Task to carry out:
Write out nothing but the lines from the one containing "Tussar silk saree with blouse" through the last line below, both included, and without the pictures.

Given data:
☆ ☆ ☆ ☆ ☆

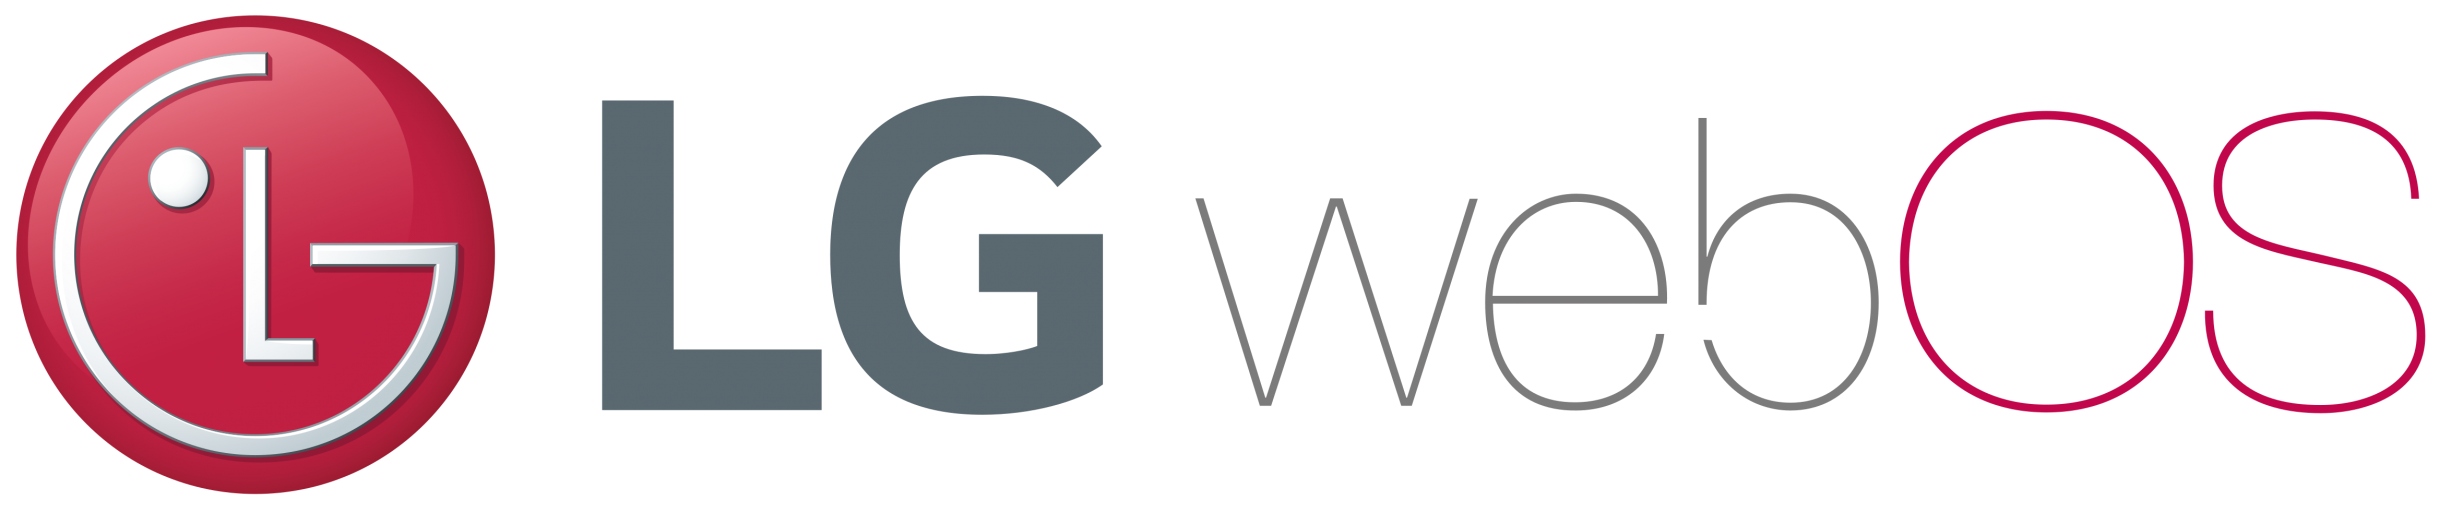 WEBOS логотип. Логотип LG смарт ТВ. LG Smart TV прозрачный логотип. LG телевизоры лого. Ос телевизора lg
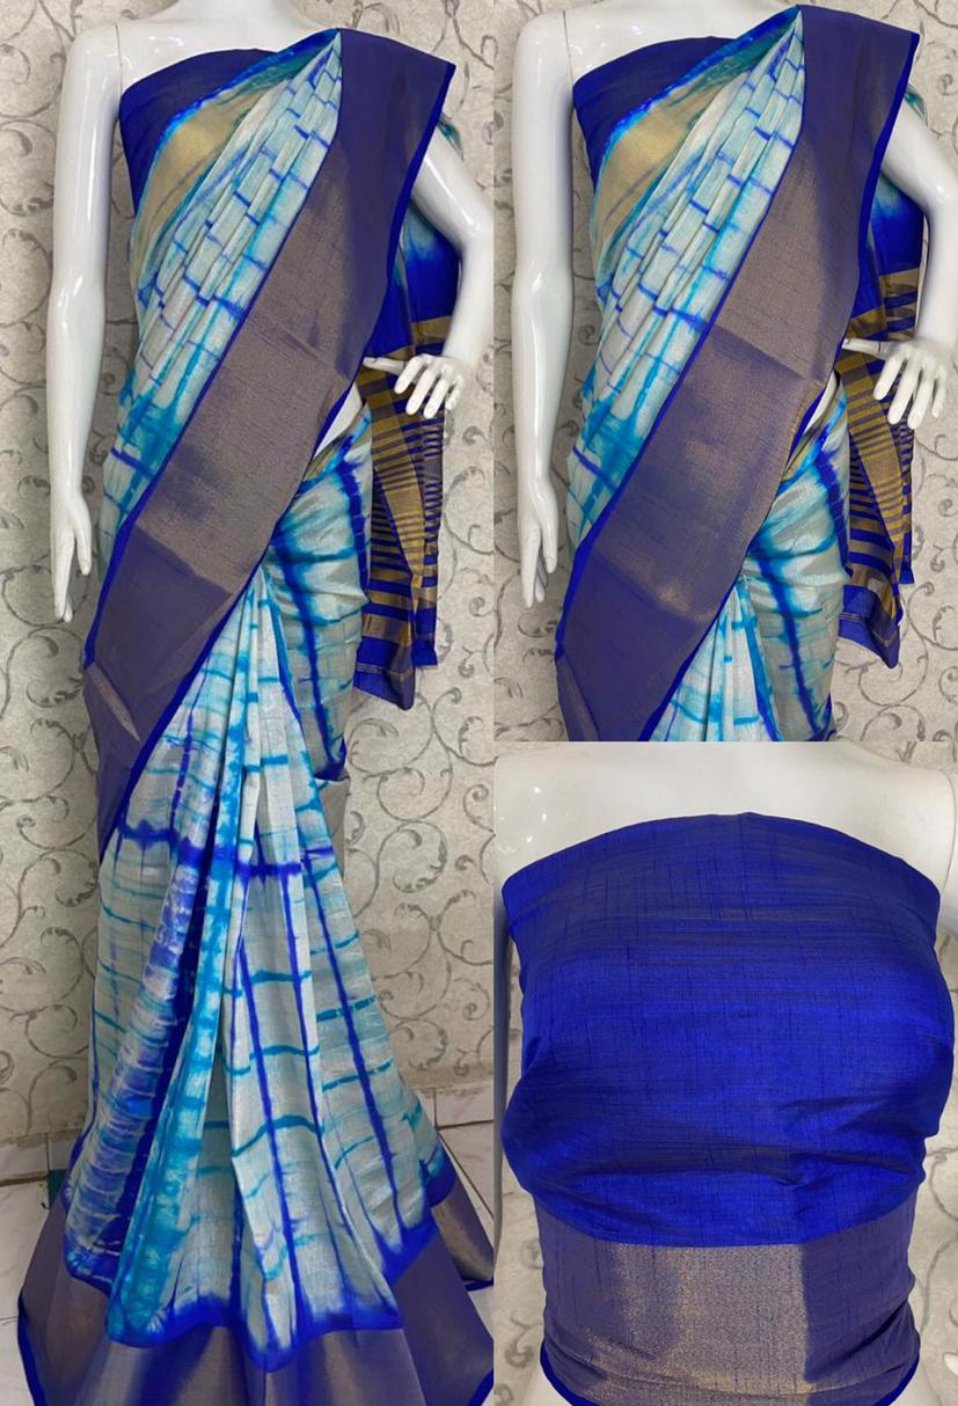 Tussar silk saree with blouse
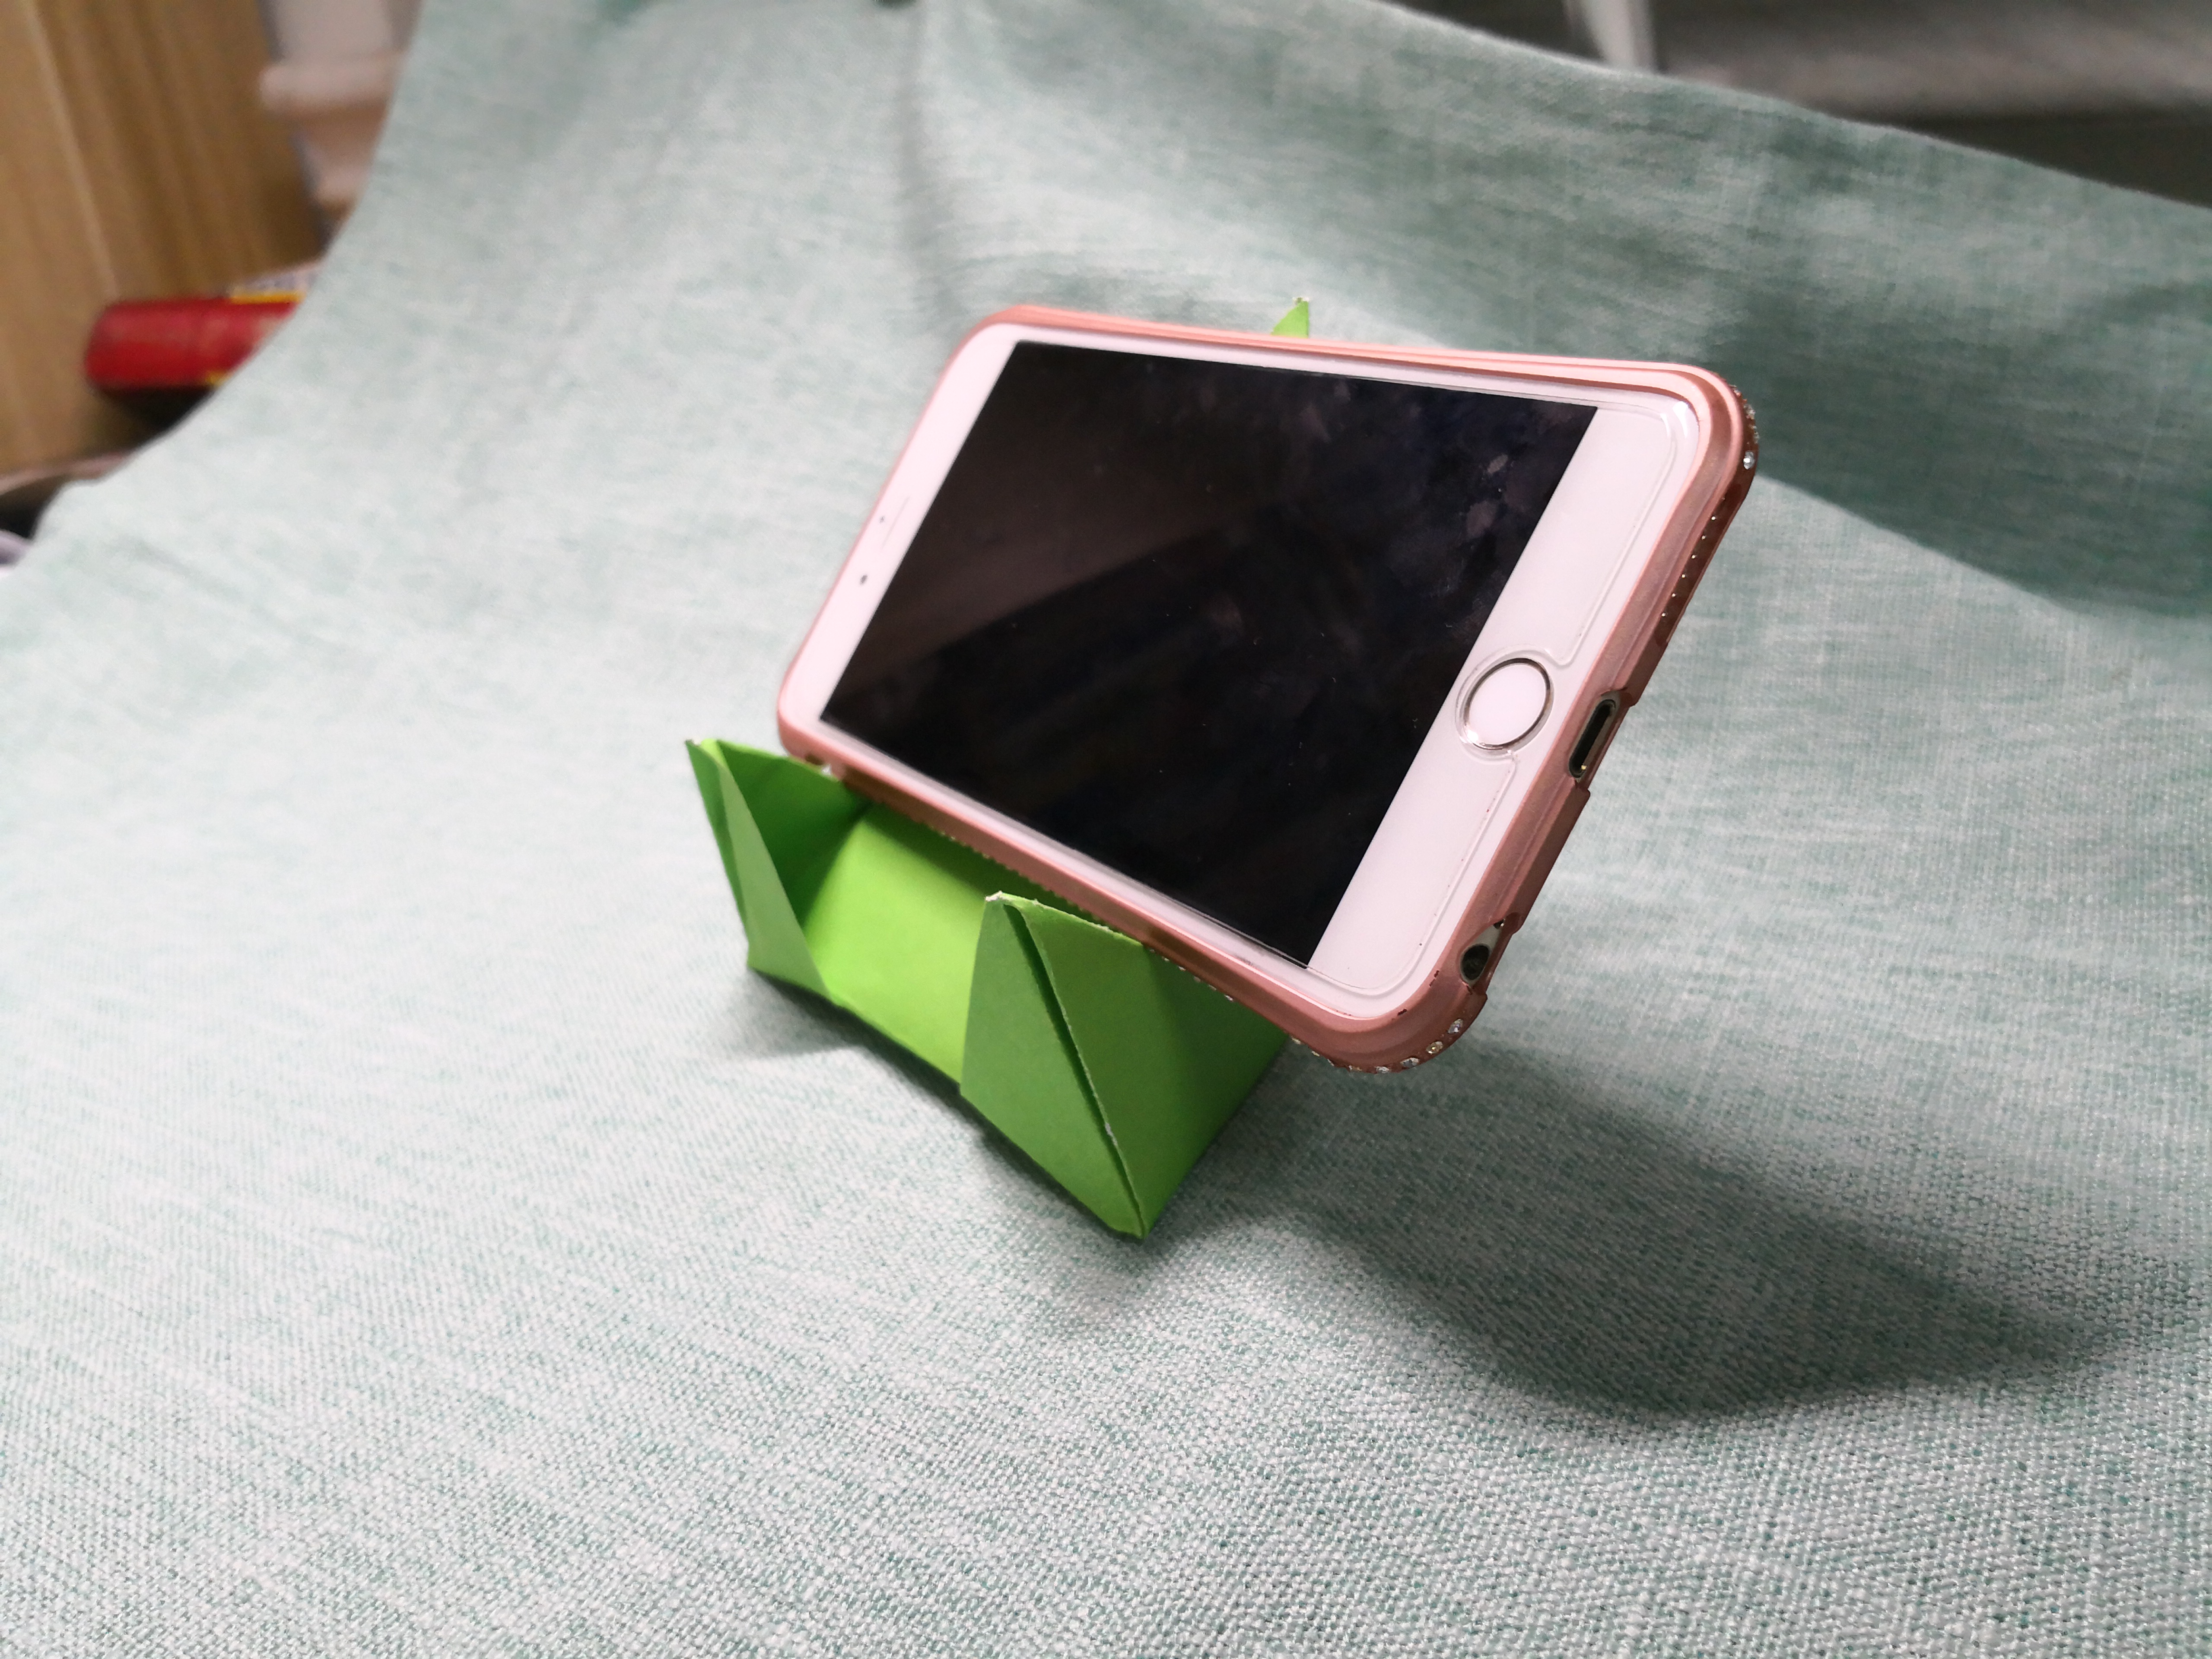 仅用一张a4纸折出手机支架,漂亮简单又实用的生活创意折纸
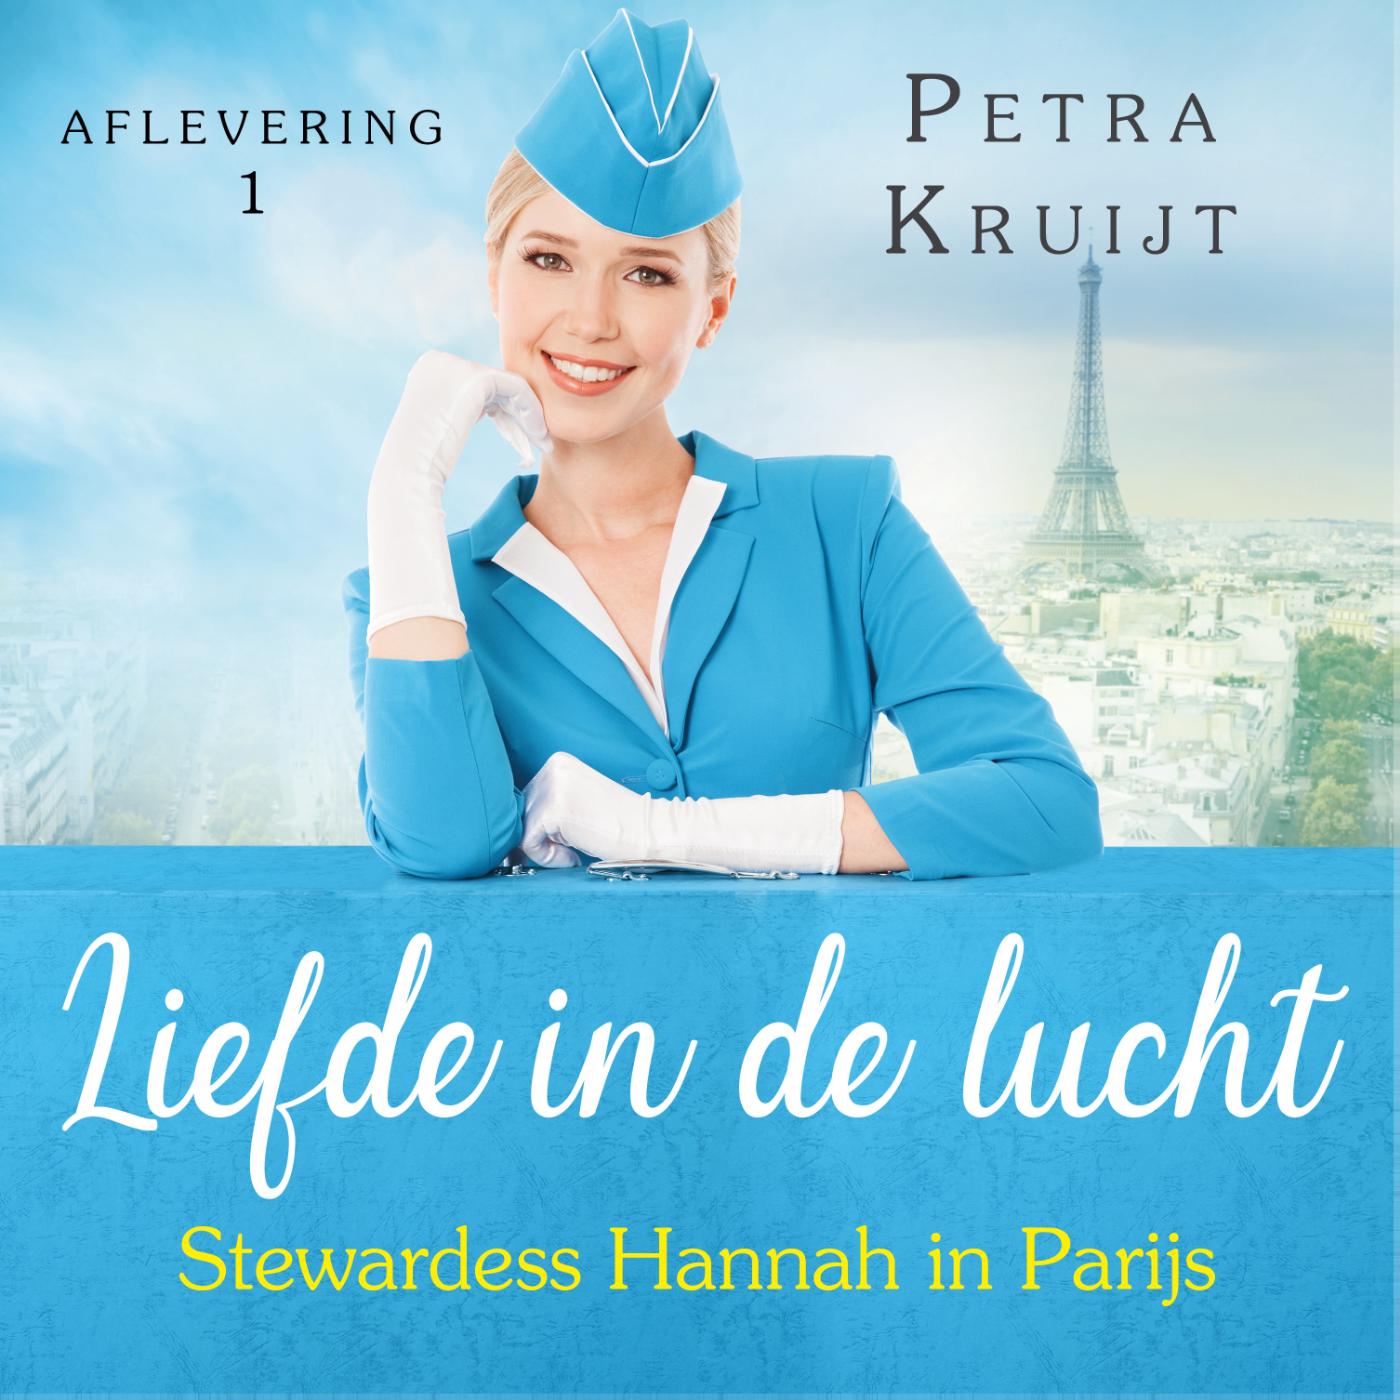 Stewardess Hannah in Parijs (Ebook)

☆ ☆ ☆ ☆ ☆

Response to the task:
 Tussar silk saree with blouse
 仅用一张a4纸折出手机支架,漂亮简单又实用的生活创意折纸
 Stewardess Hannah in Parijs (Ebook)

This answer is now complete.